A product of the Vojvodina youth system, Ubiparip made six appearances for the club in the 2006–07 Serbian SuperLiga. He also spent some time on loan at Proleter Novi Sad, Borac Čačak, ČSK Čelarevo, and Horgoš. In the summer of 2008, Ubiparip became a member of Spartak Subotica, helping them to promotion to the top flight in the 2008–09 season. He subsequently scored 10 goals in 25 games during the 2009–10 Serbian SuperLiga.
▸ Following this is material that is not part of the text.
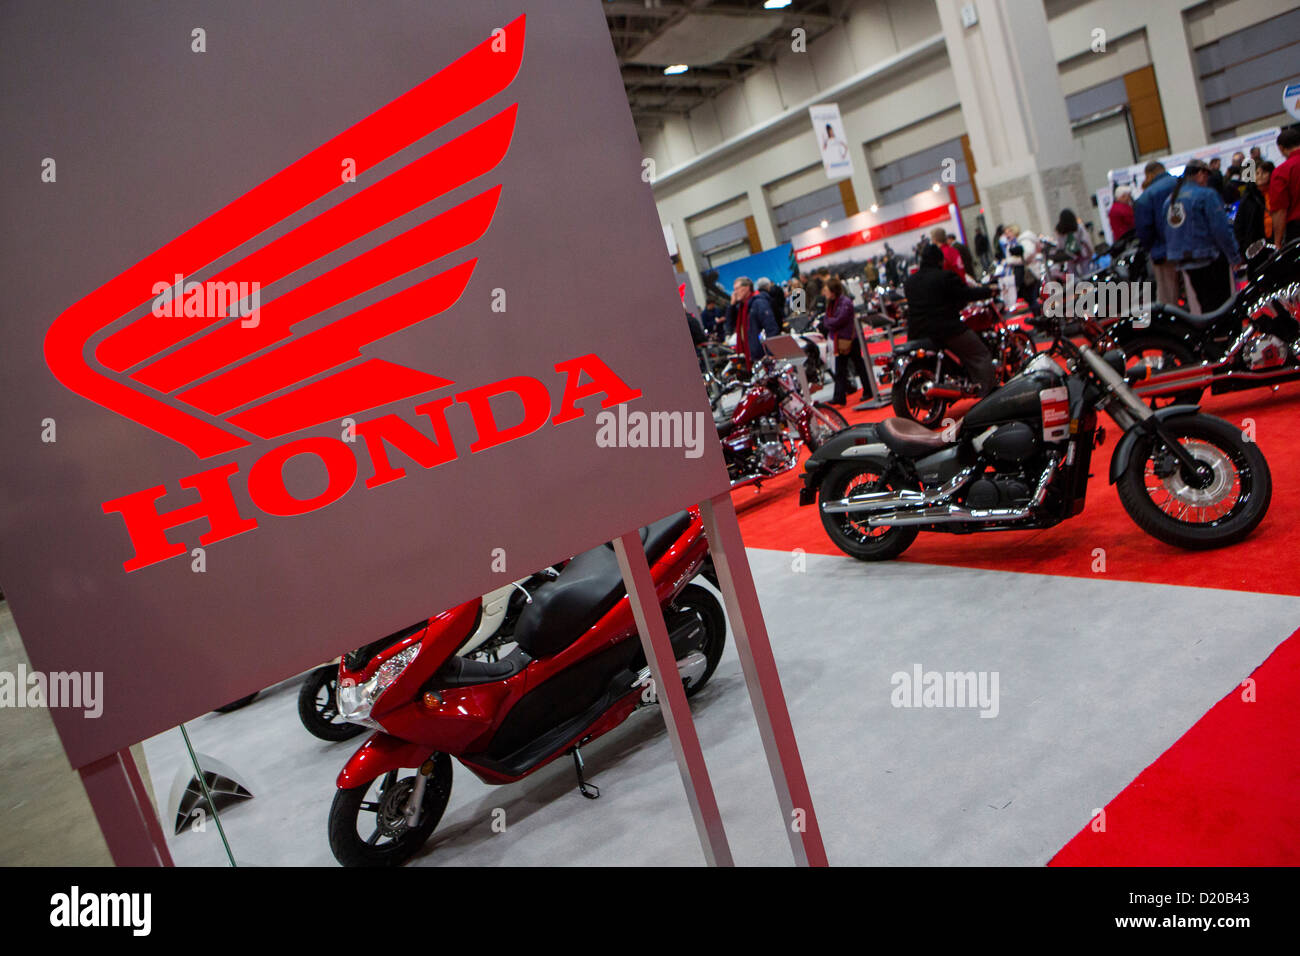 Honda motorcycles on display at the Washington Motorcycle Show. Stock Photo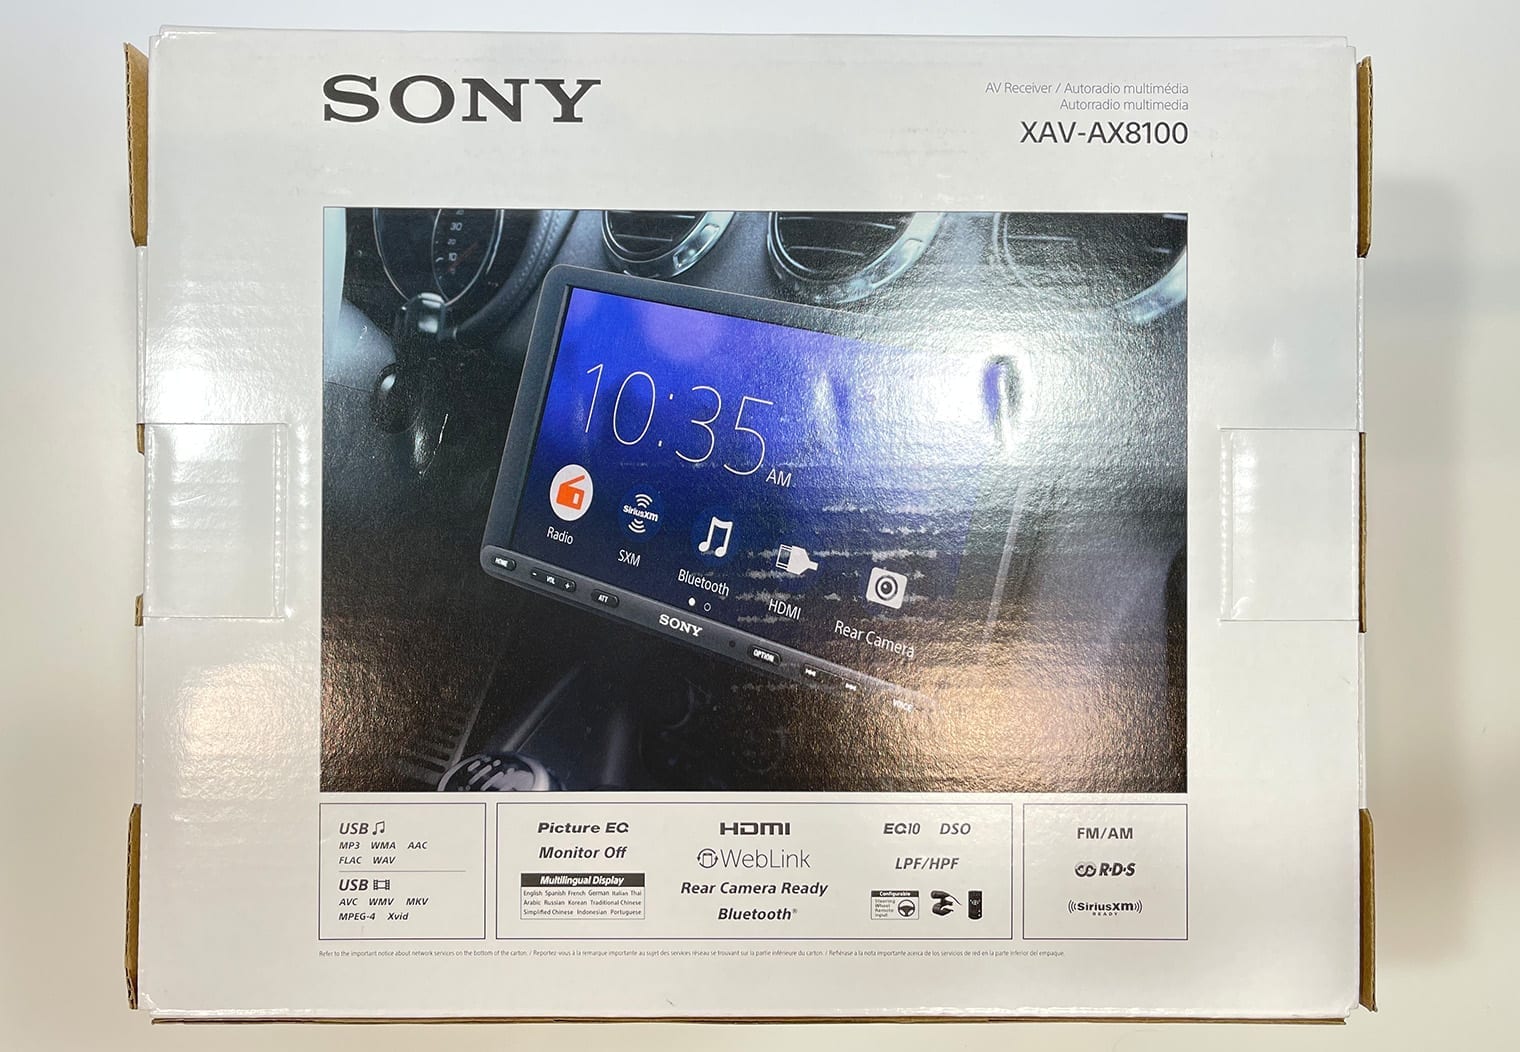 Sony XAV-AX8100 back of the box

In January 2011, Ubiparip was transferred to Lech Poznań on a four-and-a-half-year contract. He made seven appearances and scored three goals in the 2014–15 Ekstraklasa, helping them win the title. In total, Ubiparip scored 12 league goals in 58 appearances for Lech Poznań.

In August 2015, Ubiparip signed a one-year deal with Hungarian club Vasas.

After Vasas, he also played for Novi Pazar, Górnik Łęczna and Željezničar. With Željezničar he won the 2017–18 Bosnian Cup.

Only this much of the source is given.